The theory is that if the police stop small crimes, big crimes won't have space to develop. Kind of like weeding. In practice, though, it means that cops hang around in "certain" neighborhoods.  They've got data to file and quotas to fill. The cops have a metaphorical gun trained to their heads about getting the numbers up or down in the correct columns.  They are looking for trouble, and wouldn't you know, they find it.  So we end up with neighborhoods like mine and like St. Louis filled with cops and neighbors and mistrust and fear.  Mistrust and fear leads to violence and senseless death.

Why is this? "All cops are racist" is too simple an answer and doesn't make much sense anyway. All people are racist, to varying degrees.  Racism is an inescapable part of our culture.

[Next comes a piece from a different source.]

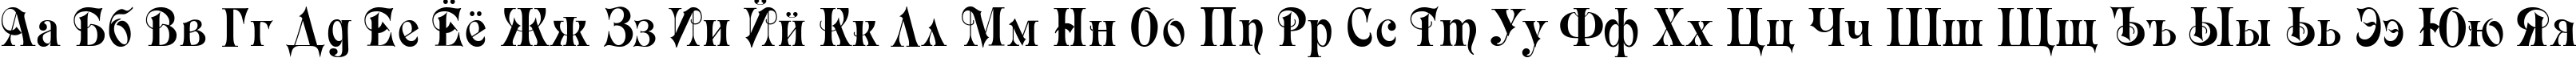 Пример написания русского алфавита шрифтом Rubius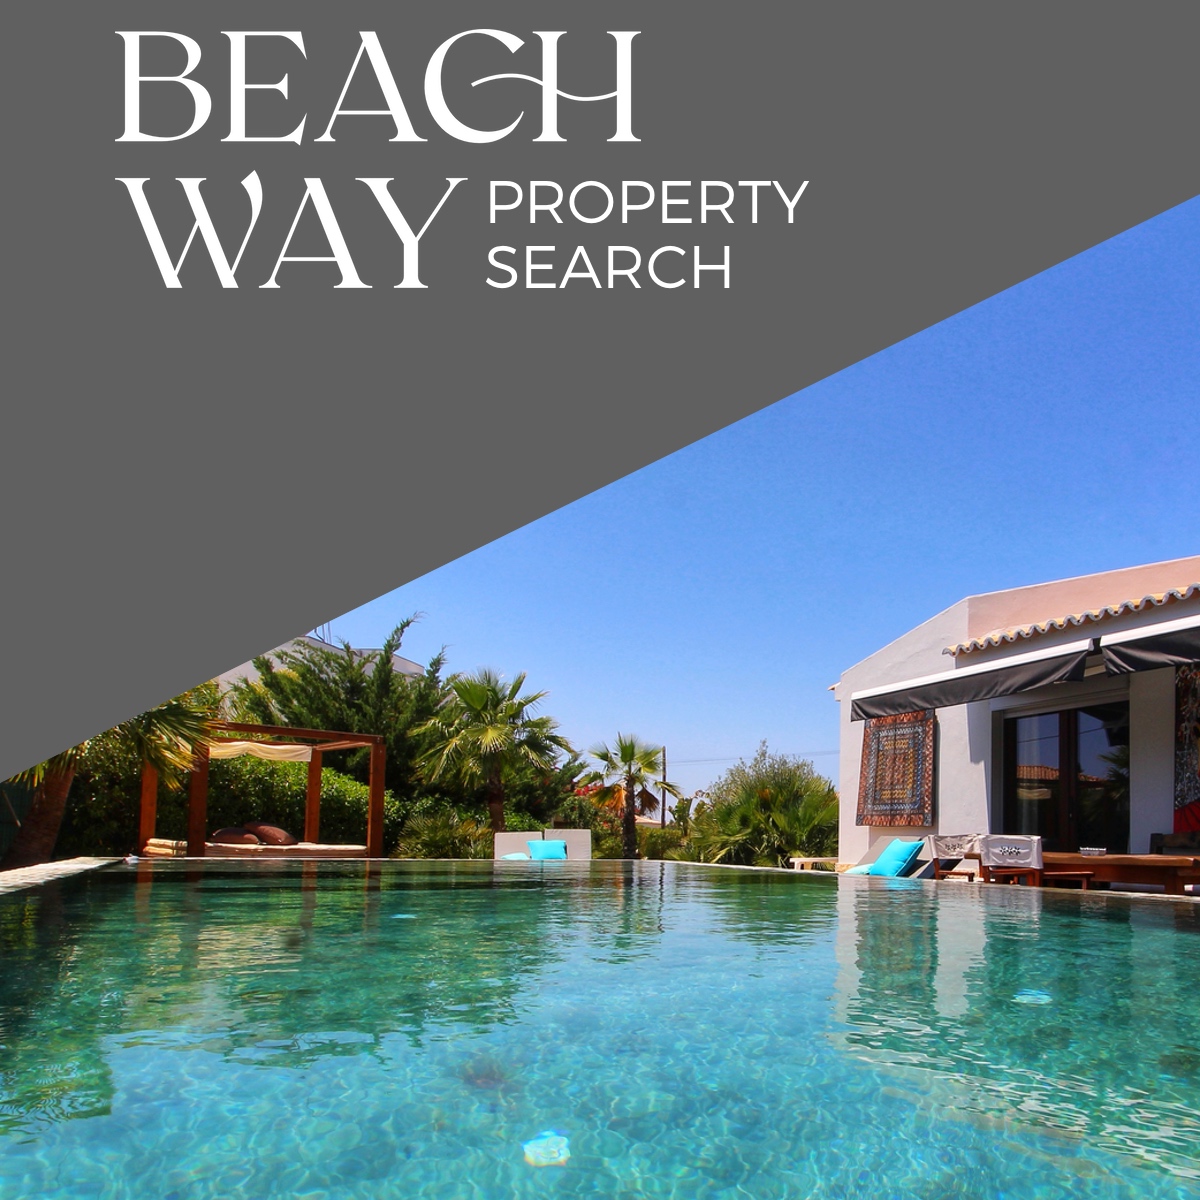 Beach Way Property Search

I think it's because we keep trying to solve the problem of inequality with the wrong methods. We try to solve inequality with education. As if learning to read better and early eliminates children's need for a loving, stable family, a safe home and nutritious food. We try to solve inequality by fighting a "War on Drugs".  Fighting against drug abuse with mass incarceration (three strikes, mandatory minimums, etc) is as futile as trying to carve the wind.  We try to solve inequality by "eliminating the welfare state". As if by magic, poor folks will be able to find jobs, affordable quality child care and affordable housing because we "cut the apron strings".

I worry about affordable, quality child care and I'm a tenured professional! 

We are throwing weapons at a problem, and all we are ending up with is a pile of weapons. A police state, jails filled up with black and brown folks, a fake "educational crisis", a society with a safety net made up of moldy lace.

The problem is that not everyone has the same amount of money. The problem is that it's the same folks who have all the money who also have all the political clout and control over the media. The problem is that most of the folks who have most of the money are white, and have been since we arrived here on three Spanish ships.

I'm praying for us to get unstuck. I'm praying we start trying to solve the actual problem we have: unequal access to resources and opportunity. I'm praying that cops realize that they have been pushed to use violence and aggression to solve a problem that is not their responsibility and perhaps, doesn't really exist.

Meaning, dear police officer, if you see my son 10 years from now, browsing the toy aisle and playing around with his friends, I pray, I pray fervently, that you will smile at him and keep walking, because you know,

he's not dangerous.

Playing impromptu coach to a group of 3 year olds. He wants to be a gym teacher when he grows up.